When someone brings up those nasty little asides, you question there motives, as if yours are squeaky clean.

Never mind all that, you have a CAUSE and therefore no evidence is needed. You KNOW how things are going to work out that way, you don’t need no stinkin’ evidence. You get together and write up a little treaty, omitting by design the your two biggest variables.

Global warming as is now known- An ant’s fart in a windstorm.

Kyoto-fiddling with the ant’s diet so that he might fart a little less, if he want’s to eat that new stuff of course.

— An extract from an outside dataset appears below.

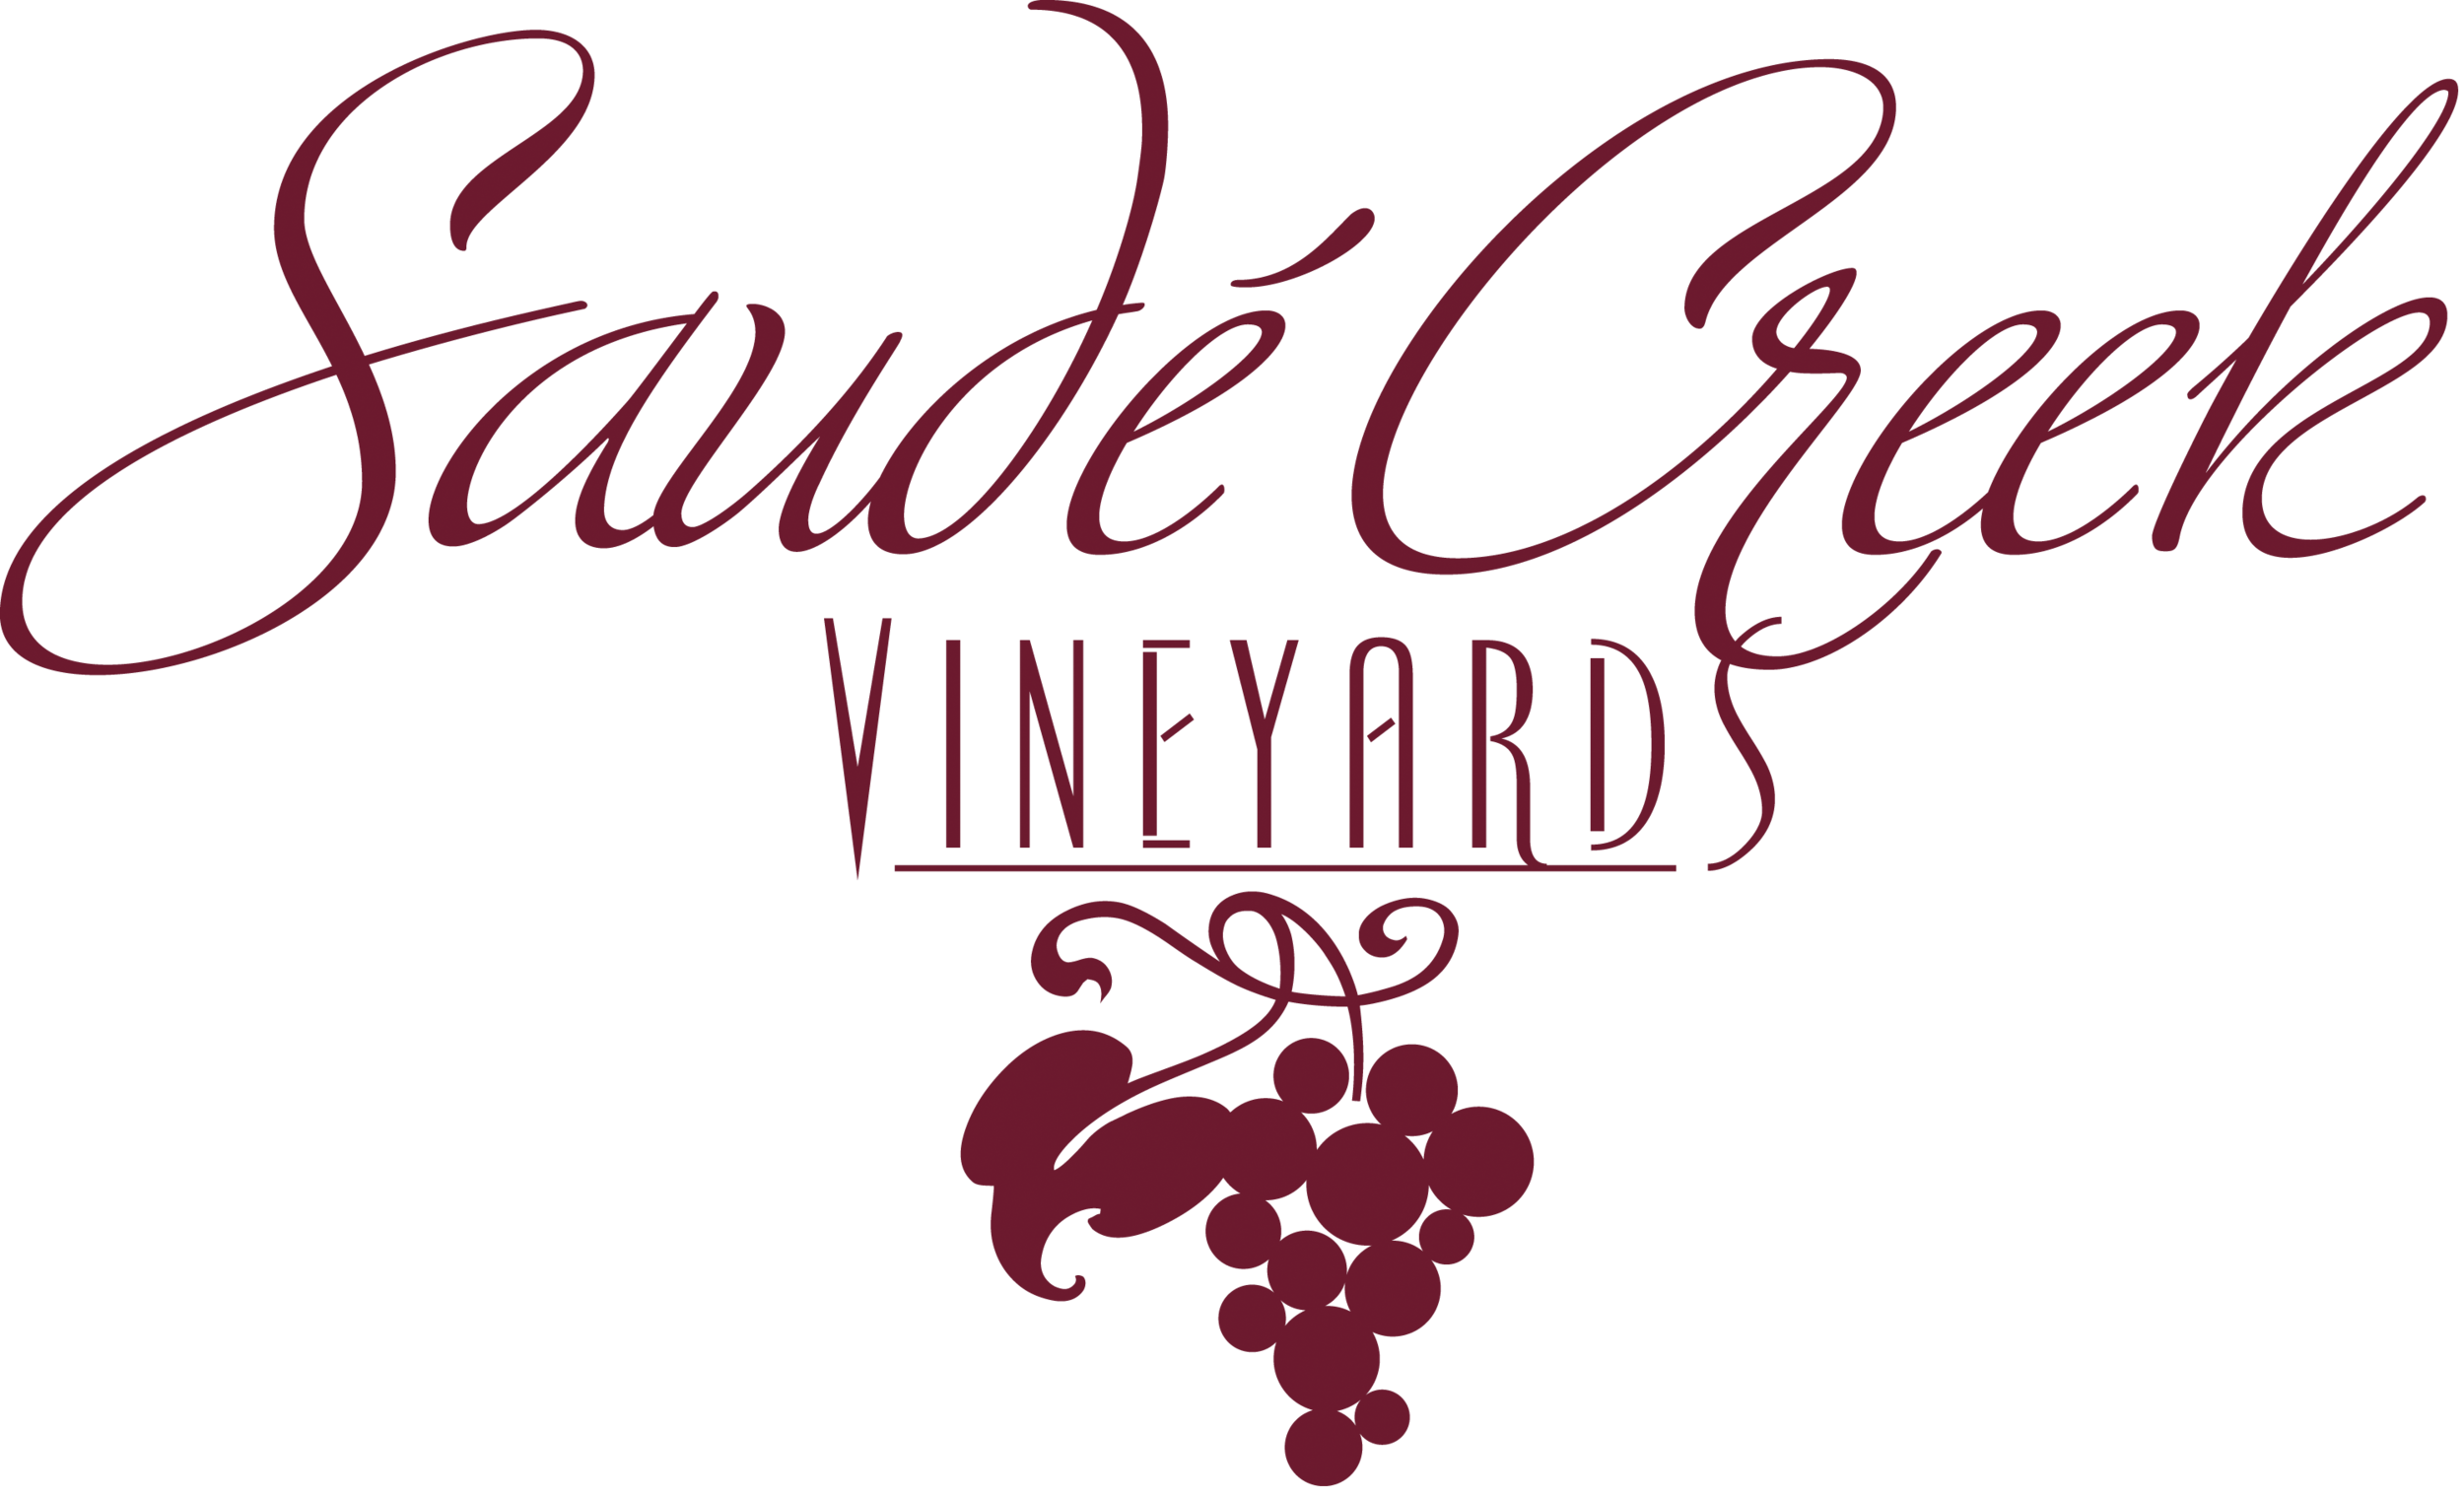 Saudé Creek Vineyards
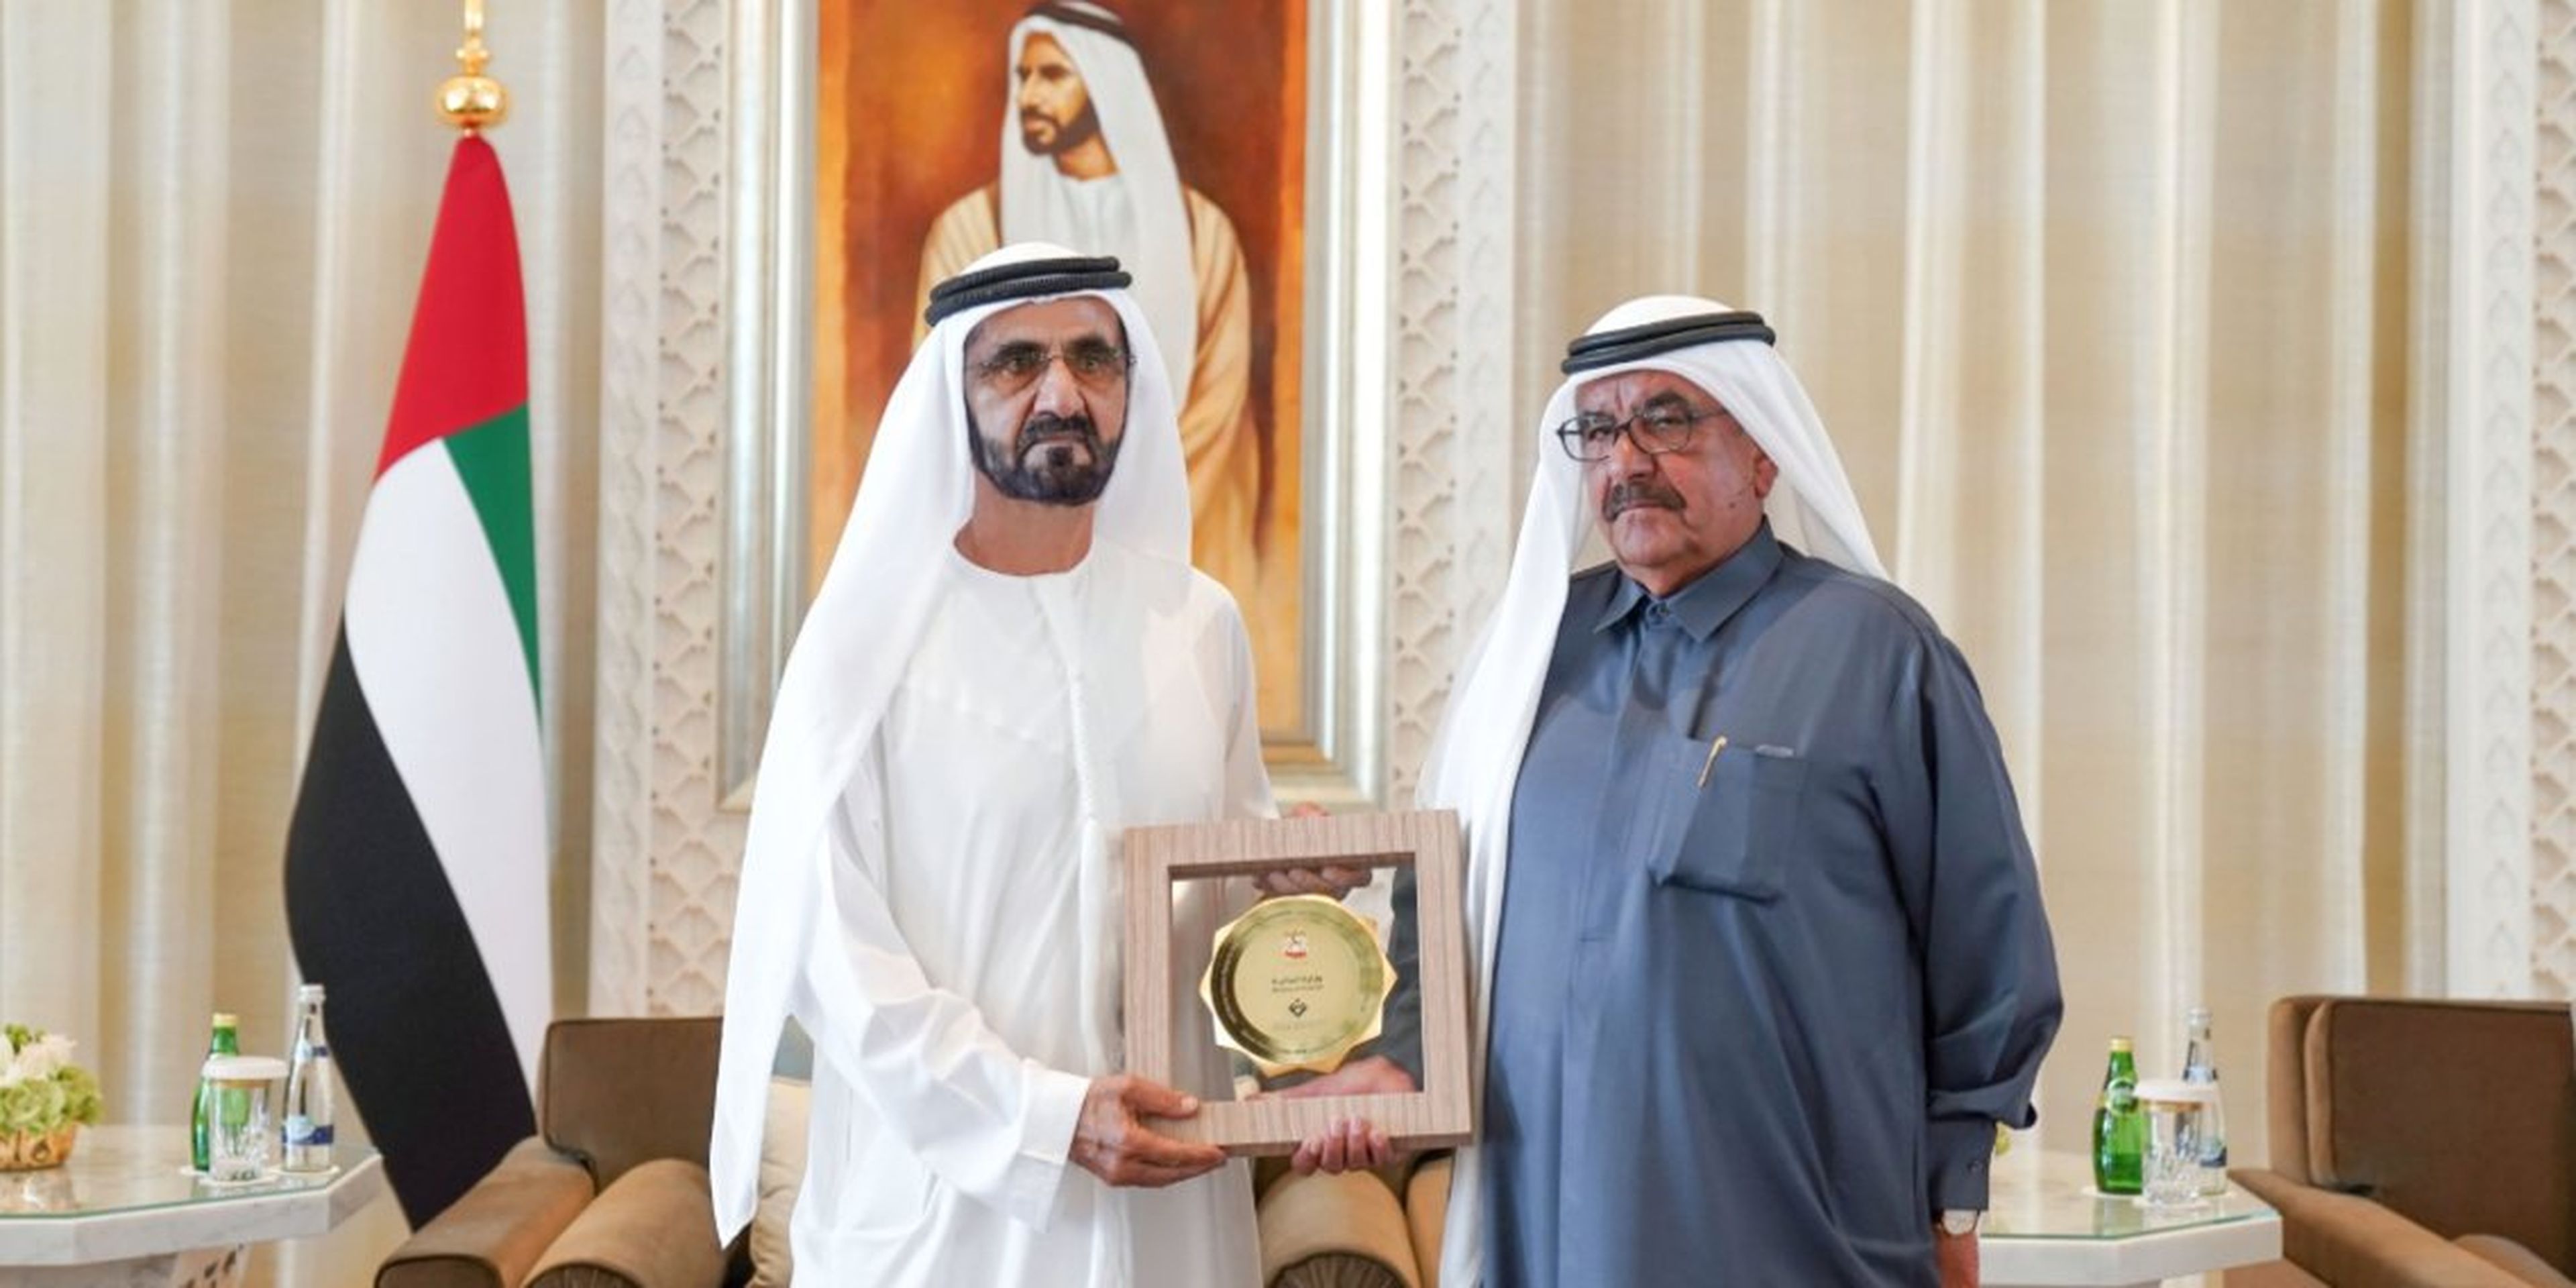 El director de la Federal Competitiveness and Statistics Authority, Abdulla Nasser Lootah (dcha.) recoge su premio de mano del emir de Dubai y primer ministro de EAU, Sheikh Mohammed bin Rashid al-Maktoum, el 27 de enero de 2019.

But for your sake Miniross, I have an idea. Prevent any ships from burning any fossil fuels that bring filthy capitalist lucre to the British Isle. All of that grain used to brew beer and make whiskey will have to be diverted to feeding people. Then you won’t get so drunk and piss and vomit all over your streets and post like a besotted idiot.

I’m sure that the rest of you morally superior lefties can think up personal save the planet action plans. Please do, and if you are at a loss I have a very simple idea for you- stop breathing.

right, i am off out in my rover into town to pull some slag with bad teeth and dubious parentage, get drunk, fall over and bemoan the fall of the british empire.

One last thing before. glass houses, throwing stones. Their is spelt like THEIR, not THERE.